WithThe Idiot, she did just that. A modern Bildungsroman, the novel is internally focalized through Selin, who, at eighteen, is just beginning her studies at Harvard. Selin is born and raised in the United States by two intellectual, supposedly agnostic, parents who have divorced and live in different states. Selin is intelligent, tall (an important detail when Turks are rarely portrayed as such – something I appreciated, being tall myself and having many tall relatives), and curious about everything. She goes against every racist stereotype – from the physical to the intellectual – and brings the Turkish people I knew to life through words.

 Still, that Selin is of Turkish origin is never the point ofThe Idiot. That she is Turkish is important to her, but it never defines her. The novel is all about her struggles to find herself as she tries to translate her passions to her studies. This is predominantly seen through her attitude towards language as she engages with linguistics and foreign languages. She immediately signs up to study Russian at university, and it is her struggle to learn the language that defines much of the first half of the novel. Through this program, she becomes close friends with a Serbian girl, Svetlana, and falls in love with a Hungarian senior, Ivan, thereby both destroying stereotypes of who Turks can and can’t be friends with and beautifully opening up both the novel and Selin to further cultures as the relationships push her to travel both to France (with Svetlana) and to Hungary (because of Ivan) in the second half of the novel.

Ultimately though, The Idiotis a novel about the uncertainty and restlessness of university life. Selin is a young, eager student, and still, her hesitancy comes across on almost every page. She makes decisions on which classes to take, but there is a haphazard feeling that permeates her actions. These decisions drive the entire novel, but that they might never have been made are never forgotten. She goes into her university life seemingly knowing what she wants, but she comes away not knowing at all. She is awkward, and often, her actions go awry. It is an unsettling representation of what student life can be like, leaving you stuck between the feeling that you suddenly know so much and yet know nothing at all.

This feeling is so thoroughly woven into the text that I was left in a state of uncertainty for three weeks after finishing the novel. Like Selin going to university, I had gone into the text eagerly, ready to love it. Yet, I came out unsure, not really knowing what I had read. I knew that I had liked whatever it was, but it had nevertheless left me a bit empty. I still don’t really know, but I think that the feeling is appropriate to the story and is a direct result of the way the book is written. It is a masterpiece of characterization, and so it would be impossible to put down the novel feeling otherwise than Selin.

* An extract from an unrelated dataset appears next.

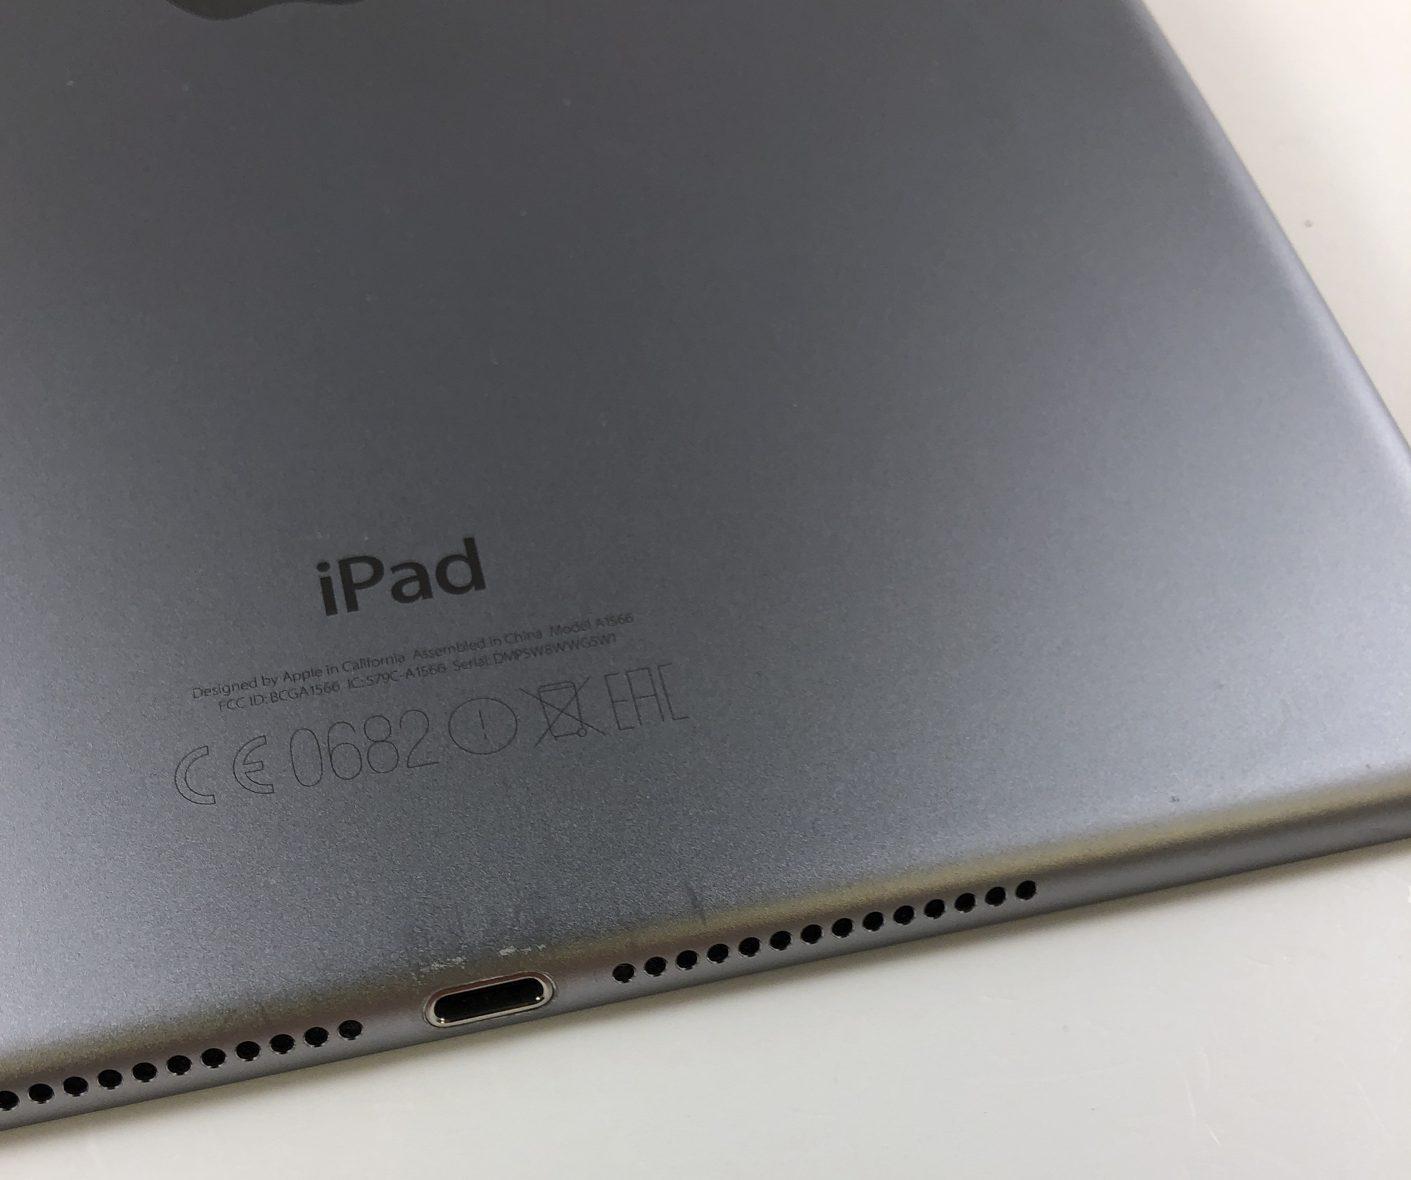 iPad Air 2 Wi-Fi 128GB, 128GB, Space Gray, immagine 4

I am thankful for The Idiot– few novels dare to take such an honest stance, depicting both the passion and the potential loss behind intellectual pursuit. The Idiotrings true to many intellectual endeavors, and Selin’s youth and status as a college freshman bring forth a specific uncertainty known to most young academics. I certainly wish that it had come out when I was still an undergrad, wavering between literature, history, and international relations. I highly recommend it to anyone who has lived through the university experience as well as to anyone feeling a lack of cultural representation. It is an excellent, funny, and beautifully mundane book.